E.J. Dionne opens his column with, "Conservatives ... are facing the fact that we are by no means the most socially mobile country in the world."
Thereupon he offers irrefutable proof of that fact, from northern European countries cleaning our socioeconomic clocks to homespun webs of profound, structural disadvantages (such as labor's woes and finance's glorification).
Dionne closes, thus: "My challenge to conservatives worried about inequality is to follow the logic of their concern to what may be some uncomfortable conclusions, especially in an election year."
Quaint. Very quaint. And once?--even admirably quaint, not to mention customarily civil. As the 1970s' New Right--just to arbitrarily pick one of contemporary conservatism's corrosive forerunners--broadsided liberalism with every scurrilous accusation of unAmericanism it could imagine, liberals, such as Dionne, routinely responded with civilized calls for conservatives to "follow the logic" of their strategic hyperaggression and tactical skulduggery. Yet these civilized calls for conservative logic and Reason and Sunday-best behavior only inspired among conservatives new heights of nastiness and ill logic--the latter particularly in Reaganism, the former in Gingrichism.
From there conservatives "progressed" to a morbid, institutionalized maliciousness unwitnessed in American politics since the sectional crisis. Liberals continued pleading for greater civility. Conservatives delivered a grossly illegitimate impeachment; their own perfectly protected, "unitary executive"; vulgar Cheneyism; several more Congresses from Hell; then a seething, rabidly nihilistic tea party movement; all topped off by their presidential nomination of perhaps the least ethical, most fraudulent and monstrously spiteful man in America.
Let's see, some impeccably well-mannered liberals are now in their fourth decade of begging conservatives' indulgence of plain human decency; and the latter has got so barren that the few, authentic conservatives still out there--the Sullivans and Frums--have taken to railing against their former playmates with far, far less civility than the nation's liberal E.J. Dionnes.
My point being, of course, that liberal calls for civility have become fantastically futile, prodigiously useless, and probably counterproductive. Even conservative intellectuals have given up, they've tossed in the towel, they now rage with polemical pens against what is in reality an ignorant, hateful, dangerous pseudoconservatism.
So while I still admire your gentlemanly pertinacity, E.J., I've got to say that your persevering crusade for civility is a waste of your time (and ours)--especially in an election year. The only honorable course left is to blast these pseudoconservative bastards with both contentious ink-barrels, and let God and the electorate sort them out.
Dionne's biggest mistake may be his apparent belief that there are really conservatives out there worried about inequality.
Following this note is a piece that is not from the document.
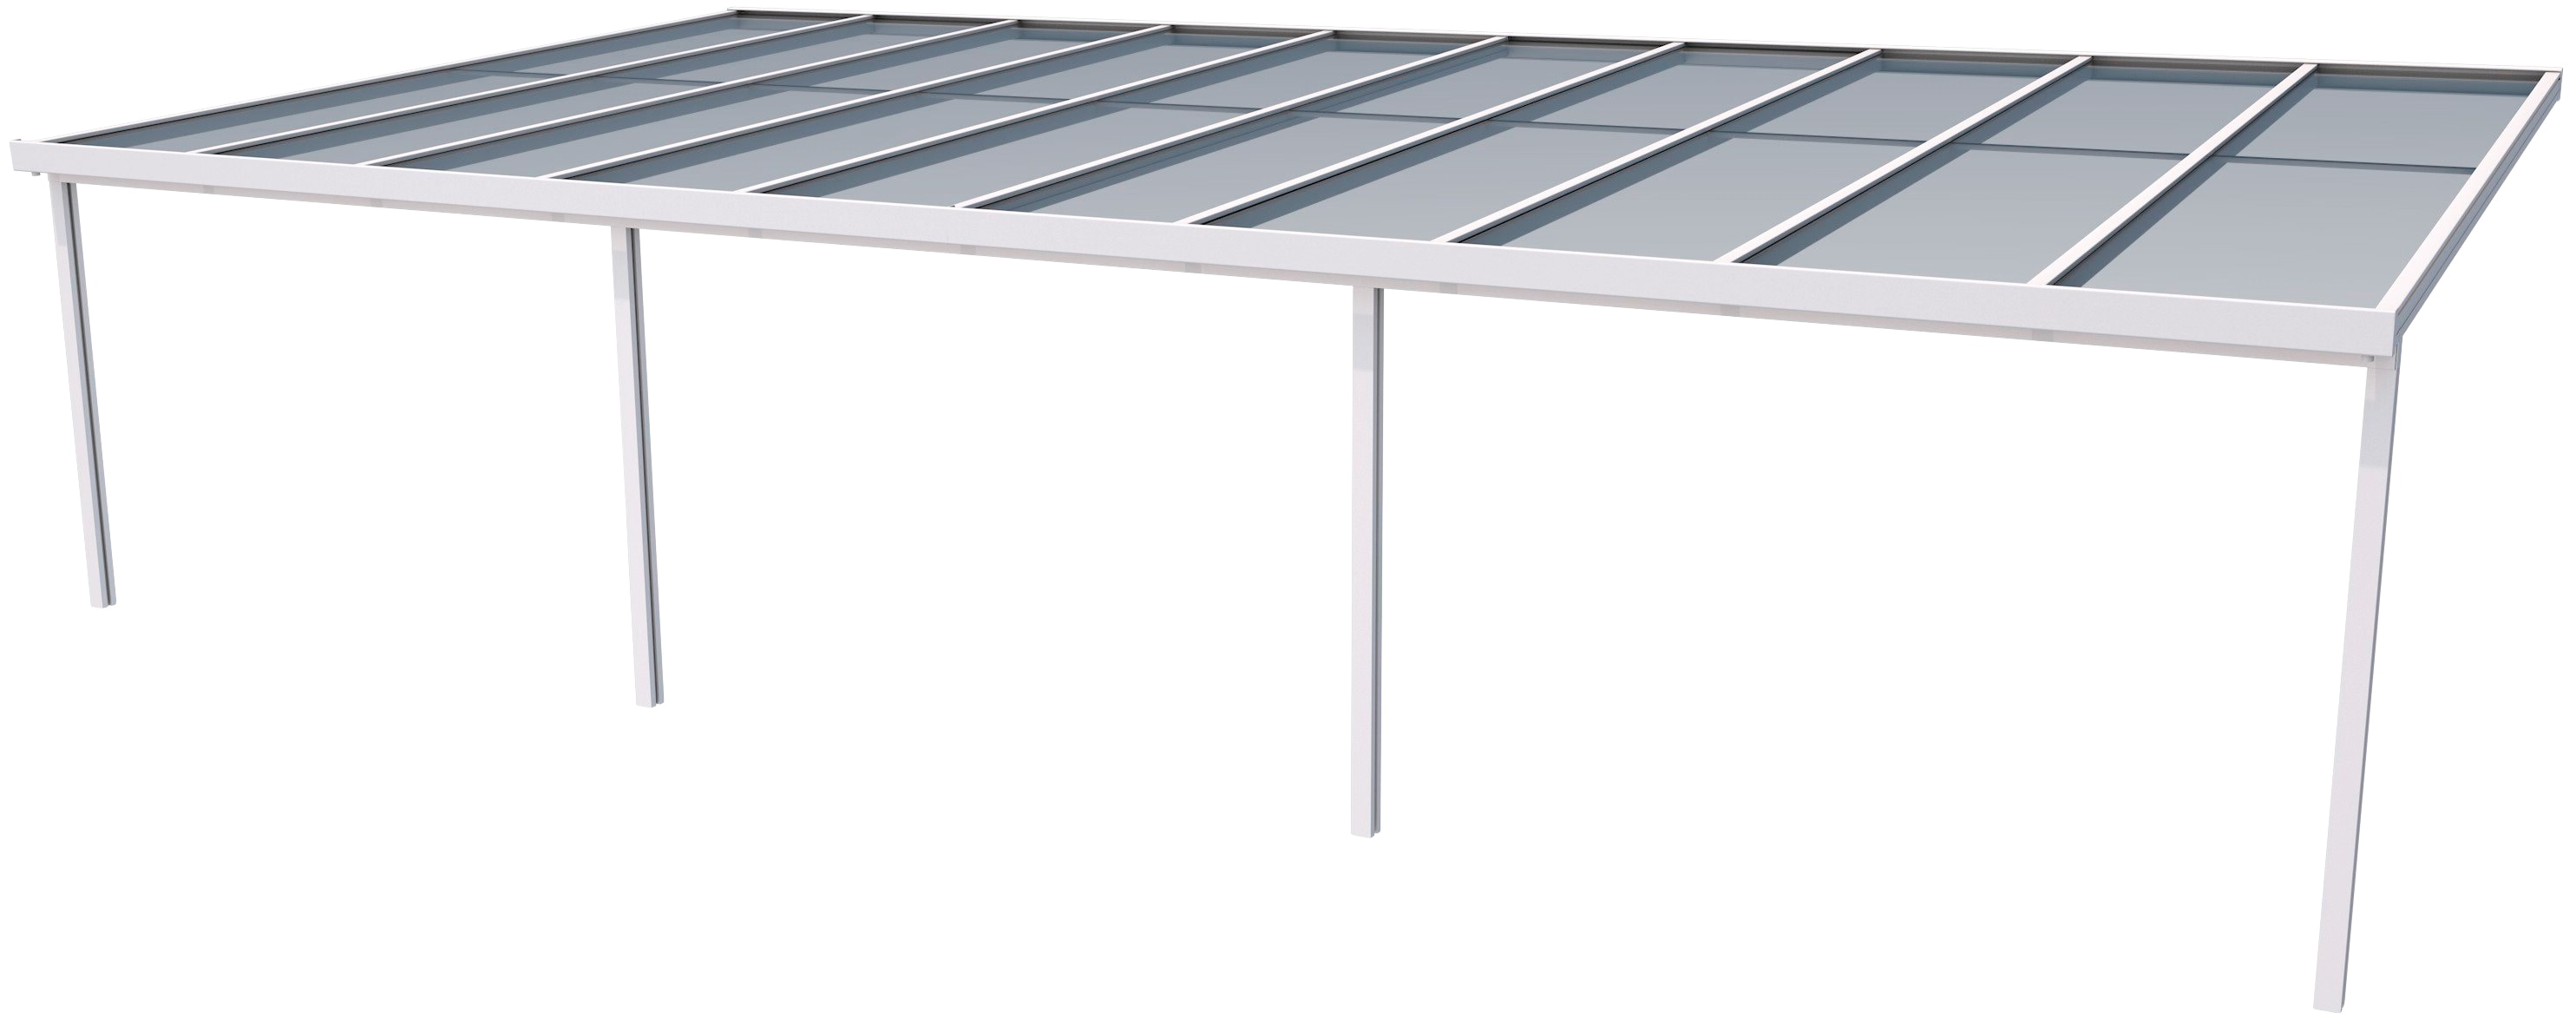 gutta terrassendach premium bxt 1014x506 cm dach acryl klima blue - GUTTA Terrassendach Premium, BxT: 1014x506 cm, Dach Acryl Klima blue , Gutta

My personal research tells me that that type of conservative is roughly as common as a unicorn.
Posted by: japa21 | July 16, 2012 at 08:36 AM
I suppose I could argue that these restrained calls for civility and thought are not any more useless than the elegance of Judo wherein one uses an opponent"s ferocity to undo them. But I won't because that is never the intent of a call for civility. At least from the left.
It cannot have escaped your notice that there is a form of political Darwinism at work here. And it is almost at the point of speciation. Every iteration of conservatism (and progressivism for that matter)fails to produce a promised land. People react in various ways, some with apathy and acceptance of the belief that nothing changes and their vote is useless and some with fanaticism that drives them ever further to extremes. Interesting times are ahead.
Posted by: Peter G | July 16, 2012 at 08:48 AM
My study of American history is currently focused on the time leading up to the Civil War. Knowing how the story will end,makes it heart-rending to watch all manner of smart politicians of good intensions trying to find a way to end slavery without - well, ending slavery.
Sometimes in politics, one side must win and the opposing side must lose. That does not mean that "good" will triumph over "evil". It just means that the two political paradigms can no longer exist in peace.
Initially, the slave-holders seemed to undersstand that one day slavery must end. that morphed into protection of of the satus quo which evovled into promoting the extension of slavery ad infinitum.
Those currently in real coontrol of the GOP (such as the Koch brothers) will accept nothing less than a bone fide oligarchy. They can only be stopped by force, any more than slavery could be stopped. Hopefully political force will be enough to stop it this time.